How to overcome Job inexperience – Interview Tips

On Saturday, September 8th, 2012

Here are six steps that will help your interviewer look past your inexperience.

1. No Qualifications = No Interview– Hiring managers get hundreds of applications passing by their desk each year. Depending on the position, almost half of the applicants can be weeded out because they do not meet the minimum qualifications in the job description. No amount of name dropping, fancy fonts, and big words will get you the job if you are disqualified from the start.
When the job description lists basic qualifications, meet them. This is your gate to be called for your first interview.

2. Know Why You’re There– In interviews you will be asked why you want this position.
Know why. “Because I need the money”, “Because you’re the first person to call”, “Because my mom wants me to move out of the basement” are all horrible reasons.

You will be asked why you want to work for ABC Company. Know why. I understand that you may not care at this point where you work, you just need a job. Most interviewers know that too. . . .
But that’s definitely not what we want to hear. In fact, giving a few reasons why you are attracted to ABC Corp allows us to “see” you as part of the family. It also shows that you did a little research and came prepared. If this is going to be your first job ever, why do you want to start your career here? If you are changing careers, why are you doing so and why have you chosen to start your new life here?

3. You’re Qualified. Period.– There’s nothing wrong with touching on “I’ll need to learn that” once in awhile. In fact, if you don’t have years of relevant experience, you’ll have to. Just don’t turn that into a theme or a crutch. Don’t wallow in your inexperience – Focus on what you can do, not what you haven’t done yet. If you remind me too often that you aren’t fully qualified or leave doubt that you’re the best candidate, that’s what I’ll think.

4. If You Don’t Know, You Had Better Learn
The interviewer knows you do not have as much experience as most of the other candidates. You know that too. The fact is that your learning curve may look more like a mountain peak than a gentle slope. Show how you’ll race up that mountain- Demonstrate a willingness to learn. Prepare a tentative action plan for the training you would pursue in your first 90 days. If you know you do not have some of the “preferred” qualifications, prepare a list of vendors that supply the training, the cost, and note that you are willing to pay for the training yourself and do it off work time (if you are actually willing to do so).

When I see that, I take you seriously- You know your weaknesses, and you have a plan to overcome them. Being “green” or a “newbie” isn’t going to be an excuse for you. It will be a call to action.
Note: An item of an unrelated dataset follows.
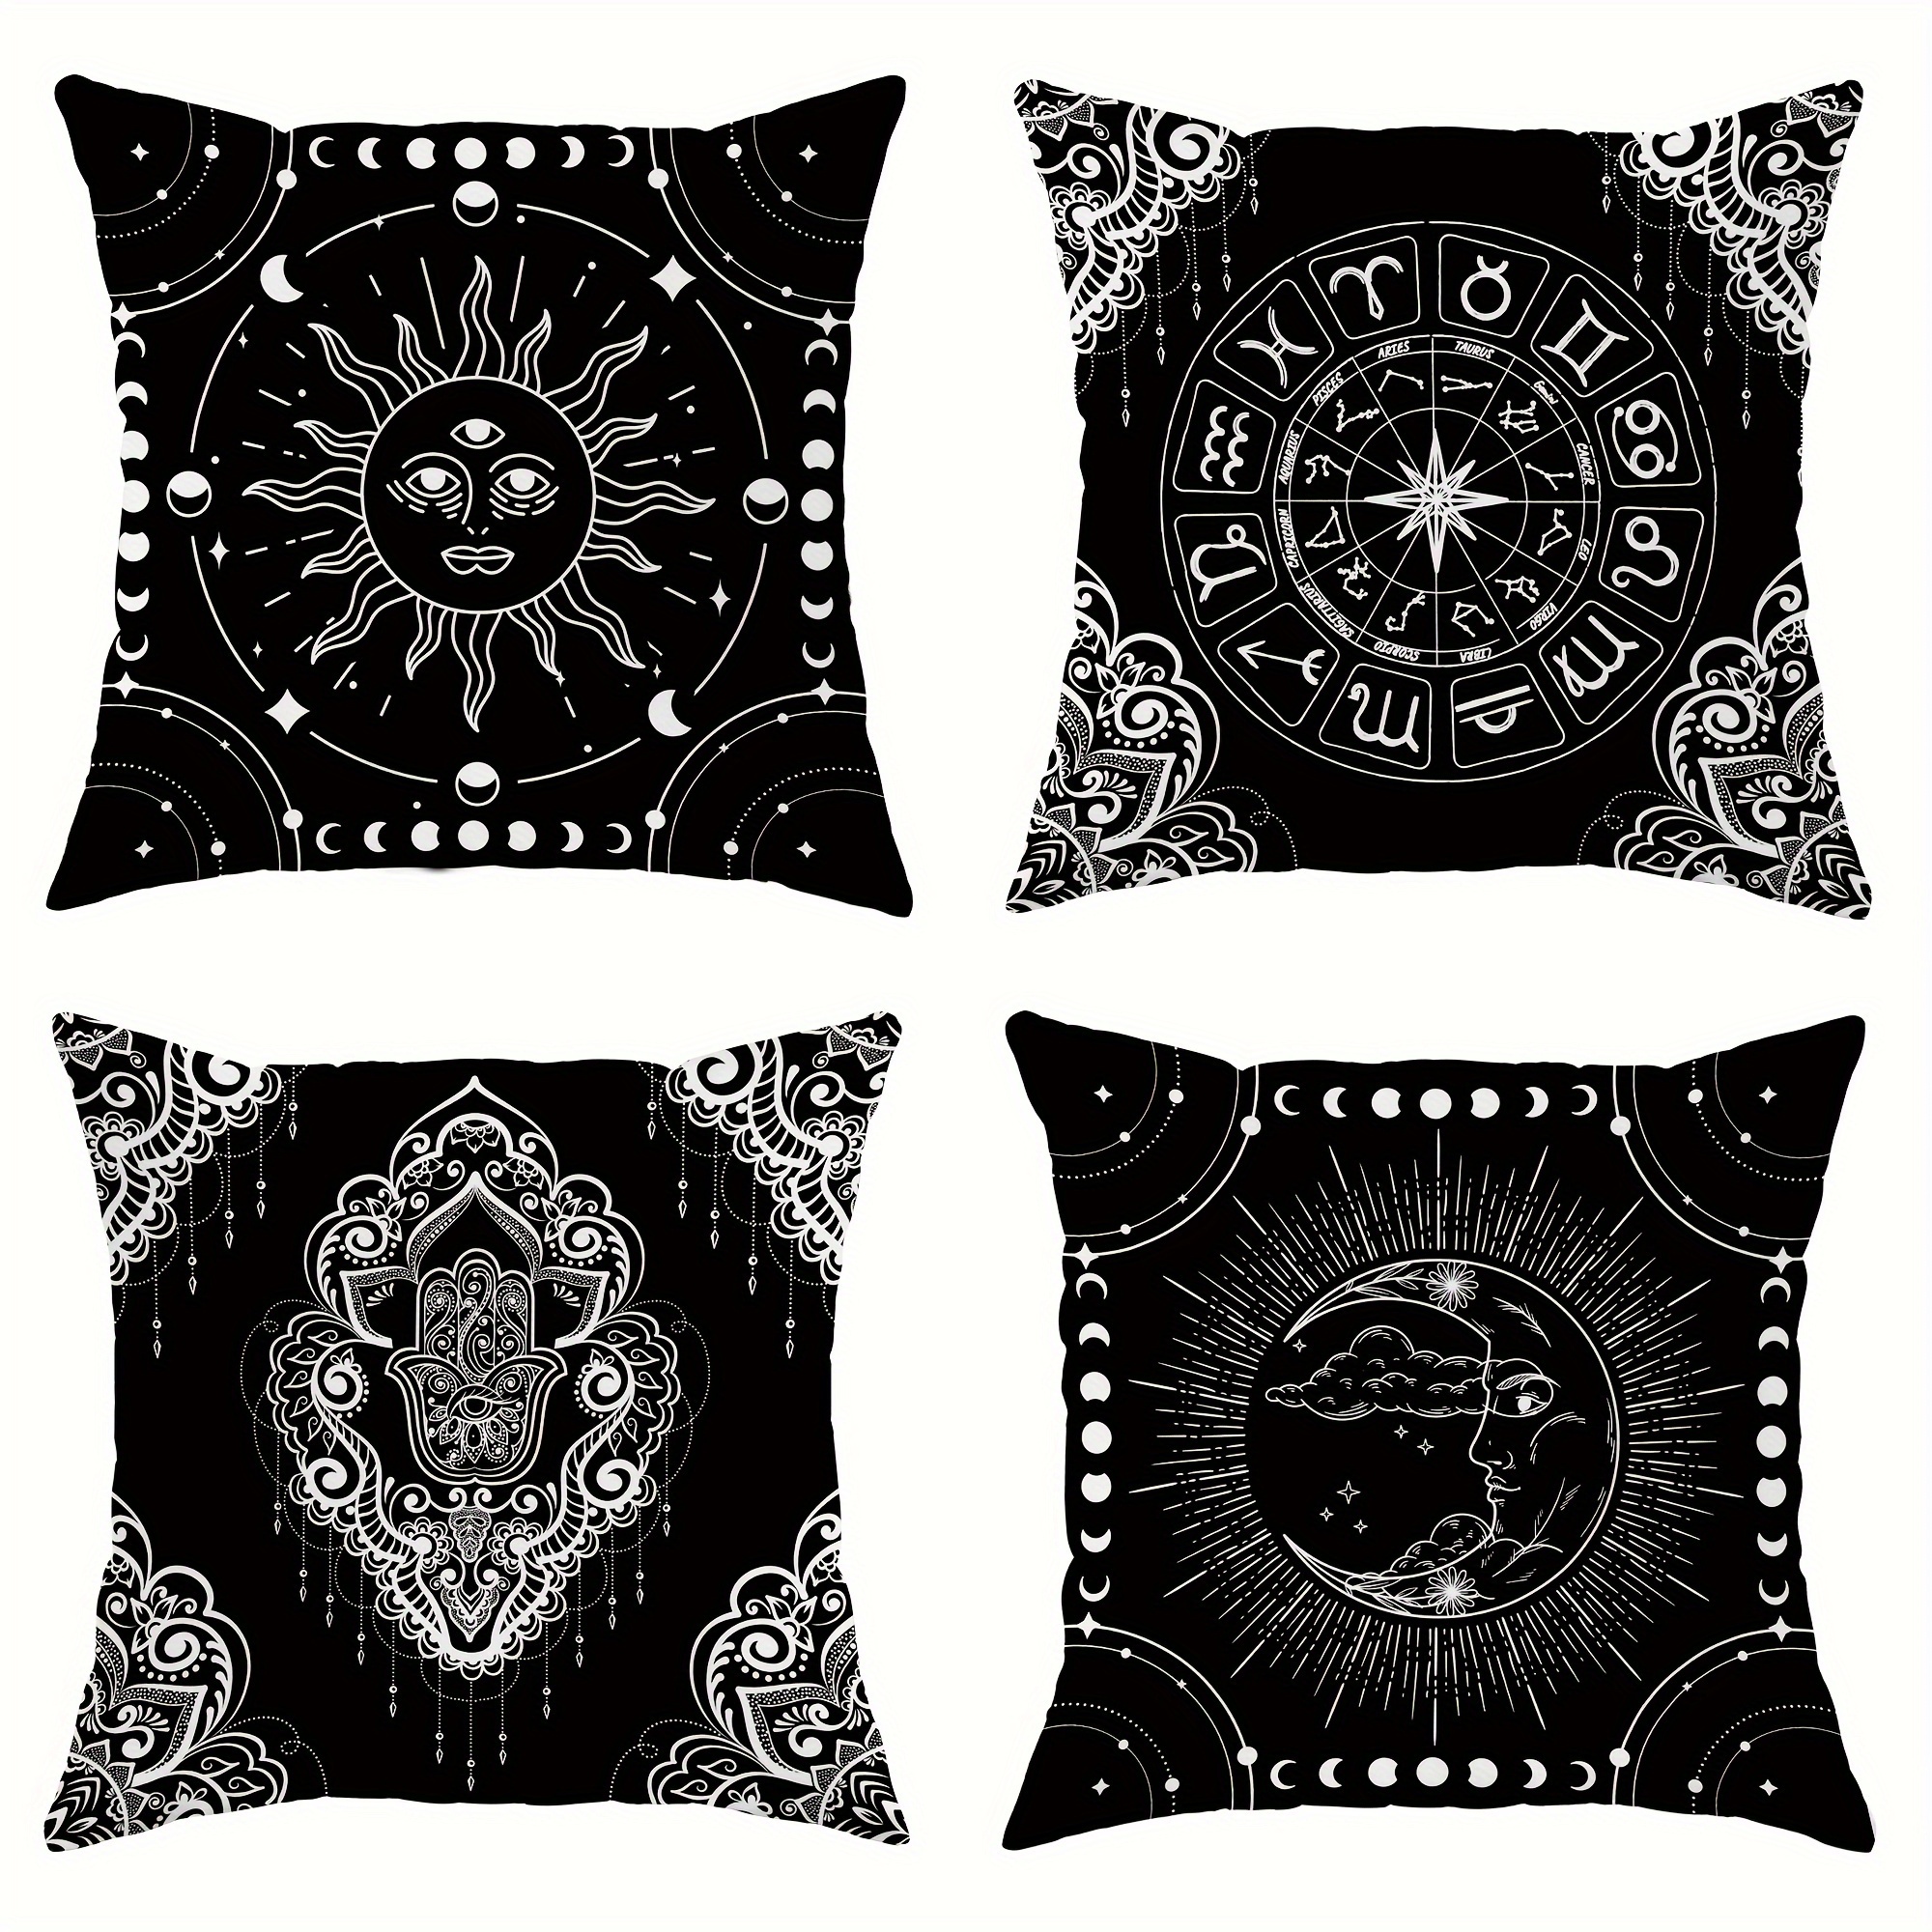 

4-piece Set Velvet Throw Pillow Covers - Bohemian Sun & Moon, Farmer's Hand Floral Design In Black & White, 18x18 Inch - Perfect For Living Room, Bedroom, Sofa Decor

It’s exciting to see that you have thought so seriously about your future.

5. Live in the Present, Not the Past- The interviewer wants to hear what you can do for him NOW. Don’t wait for the interviewer to connect the dots. Draw the line for him. Most of the time we won’t know exactly what we’ll be doing, but we can make a good guess. When you give examples and tell stories, relate them to what the interviewer needs. I don’t care if you won an award for creative writing if I need a bookkeeper. But I might care if you tell me how you organized your writing, balanced priorities, made a proofreading checklist, and set a deadline for your submission. Those things can all be related back to the duties of a bookkeeper. It’s even better if you tell me how you can apply the same system to this job. Then I’ll take you even more seriously.
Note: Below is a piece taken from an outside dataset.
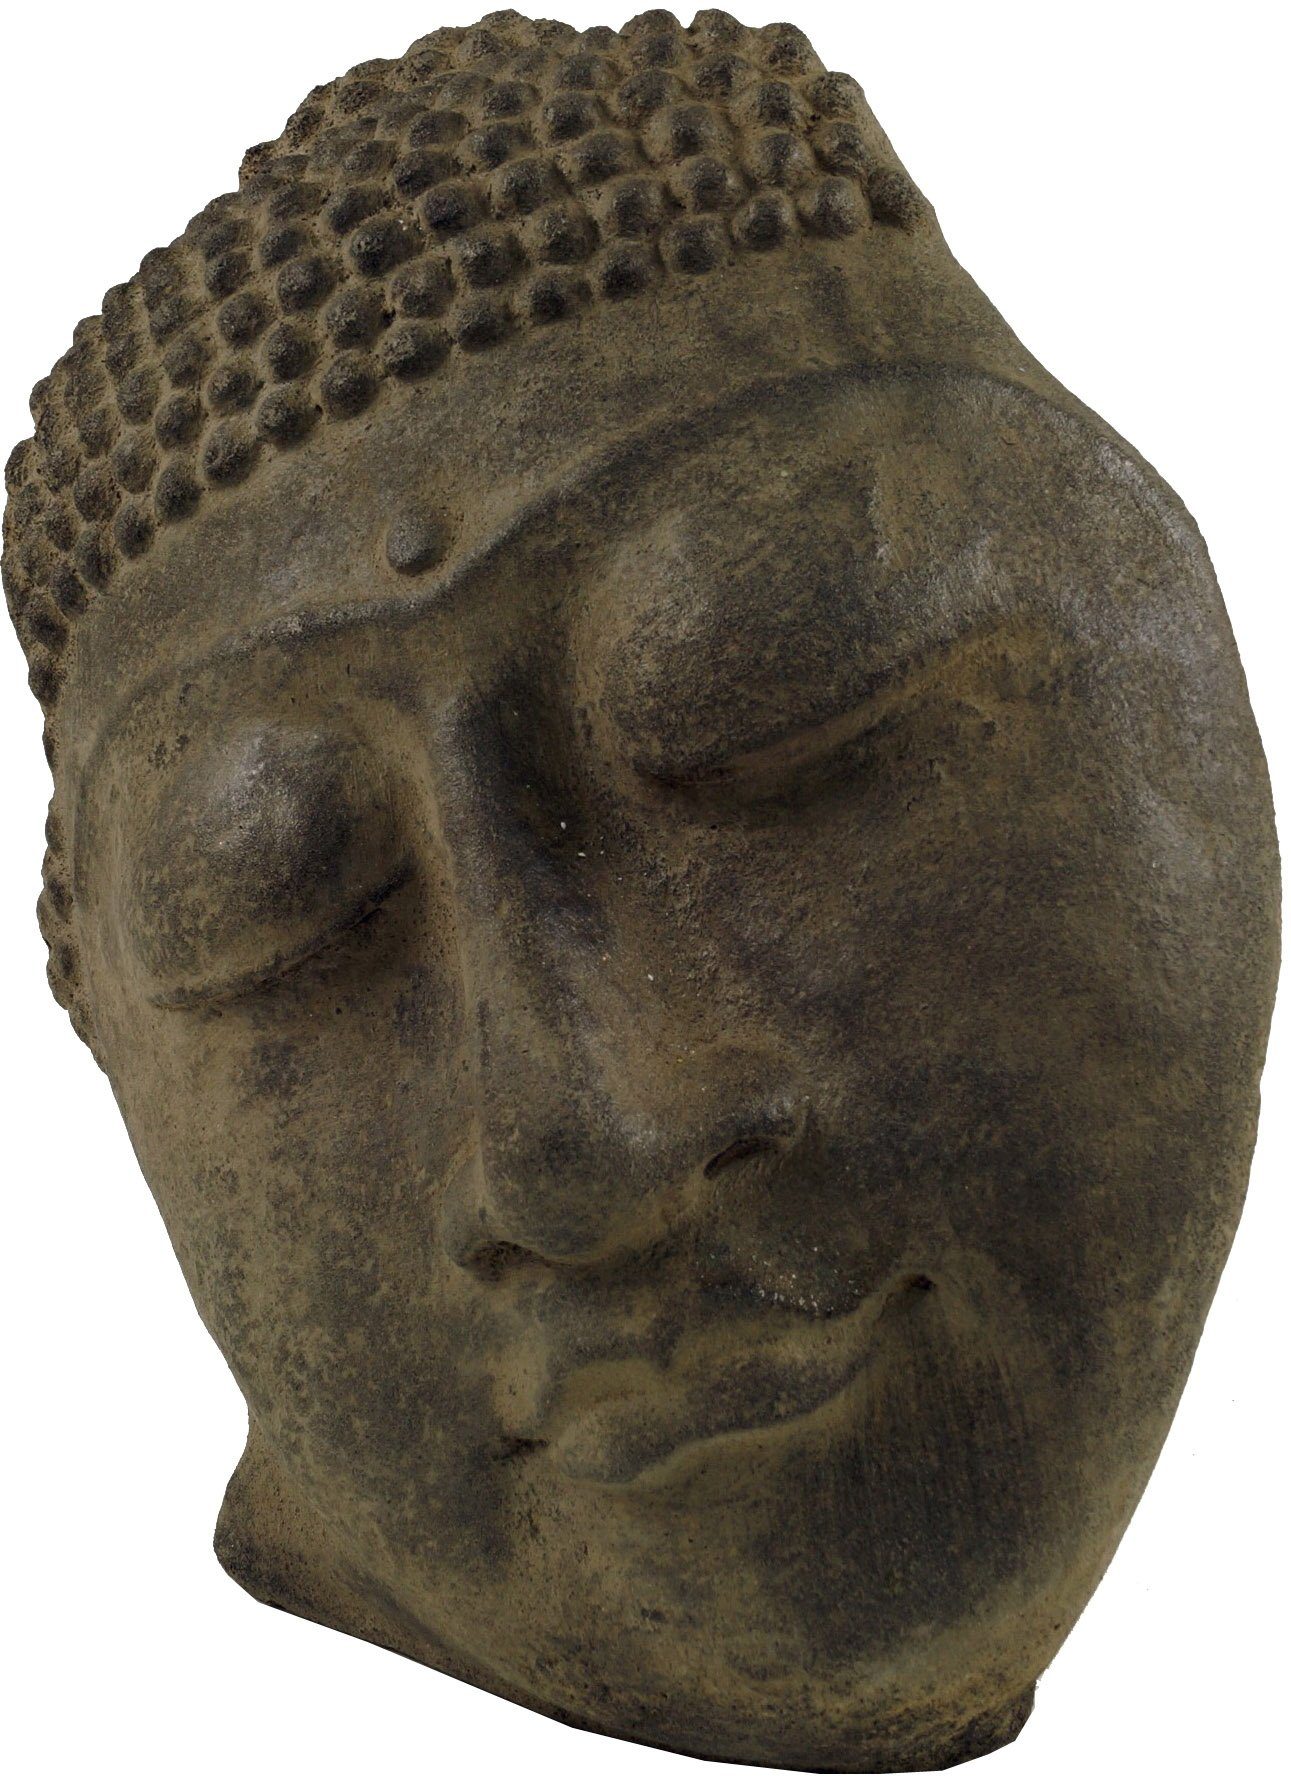 Guru-Shop Buddhafigur Buddhafigur, Buddhamaske aus Stein

6. Provide a Second Opinion– Unless your resume is stellar and a hiring manager will genuinely be excited to interview you; most likely being skeptical that you are the one. He/she will be looking for reasons to disqualify you. You are especially at a disadvantage if you do not have experience in the field and other candidates do. Hiring you seems riskier because I have no idea how you work, how you learn, and how you interact with others.

A great way to make an employer think that you aren’t such a “risk” is to give  proof. Supply recommendation letters that can attest to your ability to learn quickly, act independently, and produce great work. Ideally your references will be senior managers (to give them more credibility) who have experience or knowledge of the industry (more credibility) and know you in a professional capacity (more credibility). If they know you in an academic capacity, I will want specific, relevant traits and experiences, not just “Mary was an excellent student.”

Your recommendation letters can be from your “official” references (for when you are about to be hired) or from different references. Make sure they are positive, relevant, and specific.